Su fuerte suspiro encapsulaba adecuadamente lo que sentía sobre el asunto.

—No es bueno.

—Mi Sector es la gestión de la seguridad interna.

No debería estar haciendo esto, pero…
Alguien entre los miembros del Senado tenía que levantarse, y aparentemente, él era el único con agallas cuando se trataba de la guerra real con los Gigantes.

El resto del Senado había elegido quedarse en la Ciudad Central y coordinar sus tropas desde esa distancia segura.

El Consejero Finn, sin embargo, no se quejaba demasiado.

«Si esto lleva a la victoria, será una buena oportunidad para eliminar a algunos de los miembros inútiles del Senado y consolidar muchos poderes en solo unas pocas oficinas.»
Lo más importante, finalmente podría ser presidente.

«Todo eso tiene que suspenderse, sin embargo.

Ahora mismo, debería concentrarme en la batalla…» Mirando a su alrededor, el Consejero echó un buen vistazo a la Ciudad Fortaleza y su estado actual.

Este lugar seguía siendo una maravilla de la ingeniería y la resistencia enanas.

Era una fortaleza extensa con muros de piedra metálica profundamente gruesos y altos que parecían una extensión de una montaña misma.

La arquitectura era tanto funcional como impresionante, con cada piedra meticulosamente colocada por maestros canteros.

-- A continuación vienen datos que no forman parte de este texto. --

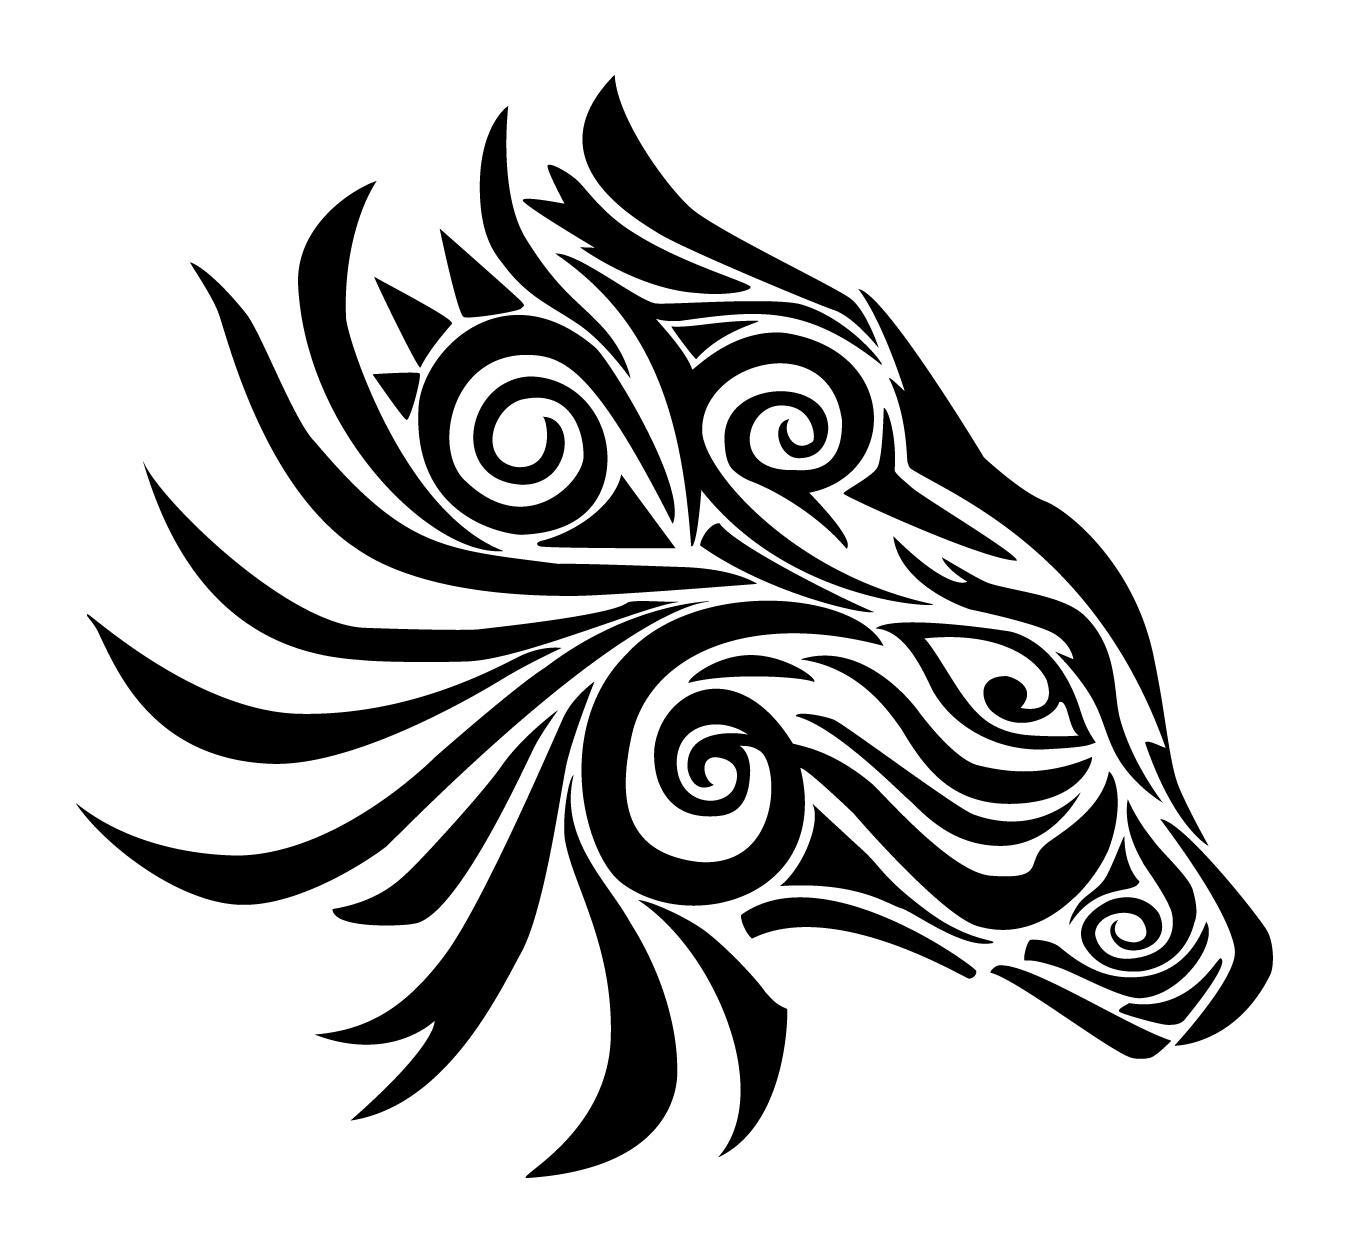 Tatouage Designs Free Shipping Code

La muralla circular más externa rodeaba la ciudad como un abrazo protector, sus almenas llenas de máquinas de guerra y guardadas por vigilantes soldados enanos.

Dentro del muro principal, surgían dos baluartes interiores, cada uno ofreciendo otra capa de defensa.

El primer muro interior, ligeramente más bajo que el muro principal, estaba fuertemente fortificado con torres a intervalos regulares.

Estas torres, cuadradas y robustas, albergaban ballestas y catapultas, listas para desatar una lluvia de proyectiles sobre cualquier enemigo que se acercara.

El segundo muro interior era el bastión final, encerrando el corazón de la ciudad donde se encontraban la Gran Sala y las forjas.

Este muro era el más alto e impenetrable, con almenas tan altas que proporcionaban una vista dominante de las llanuras circundantes.

Aquí es donde el Consejero Finn estaba parado, observando desde la distancia lo que vendría a atacar esta fortaleza altamente estratégica de los Enanos.

«Este lugar es instrumental para crear nuestras armas y máquinas de guerra.

Si cae, no solo los Gigantes podrían avanzar más hacia la Ciudad Central, sino que la pérdida nos afectaría gravemente en nuestra guerra con los Dragones.»
Había una razón por la que esta era la ciudad más fortificada de toda la República Enana.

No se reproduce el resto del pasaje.